— Action item —
In the material below, find the line with "bird dog wedding" and the line with "8632 Fernhill Drive", then output those two lines and every line between them, exactly.

** Opening Available data block **

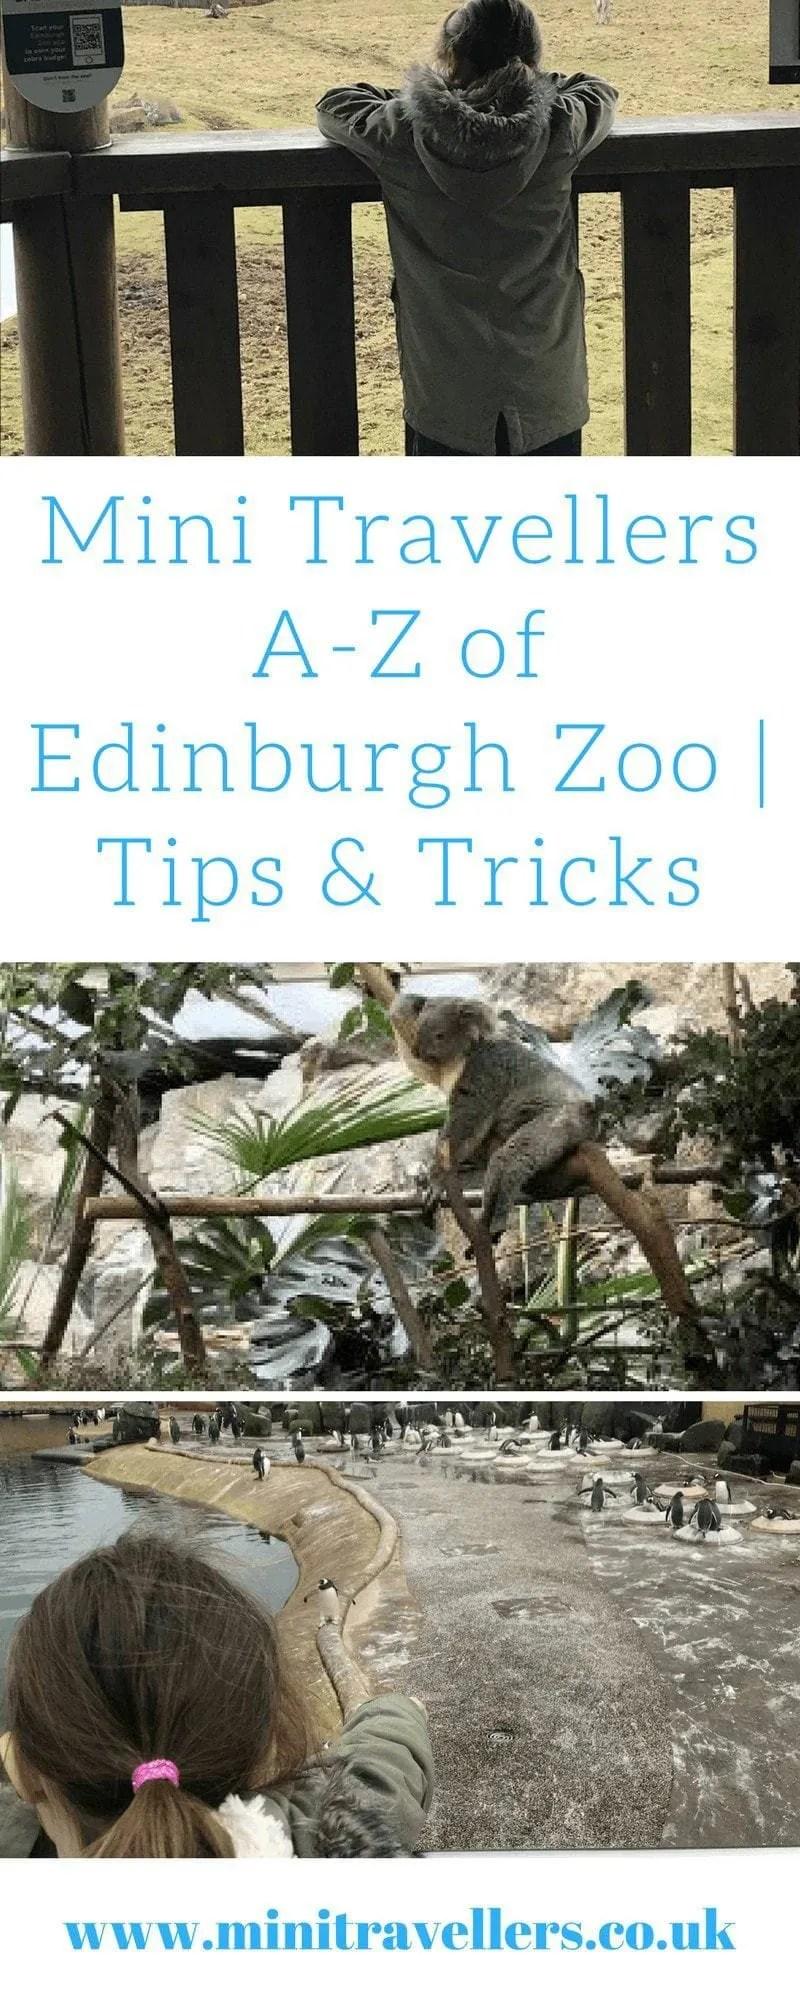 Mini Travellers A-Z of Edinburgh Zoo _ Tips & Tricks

** Closing Available data block **
** Opening Available data block **

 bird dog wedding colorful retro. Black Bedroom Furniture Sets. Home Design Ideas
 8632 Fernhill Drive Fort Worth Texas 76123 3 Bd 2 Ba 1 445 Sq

** Closing Available data block **

— Response to the task —
 bird dog wedding colorful retro. Black Bedroom Furniture Sets. Home Design Ideas
 8632 Fernhill Drive Fort Worth Texas 76123 3 Bd 2 Ba 1 445 Sq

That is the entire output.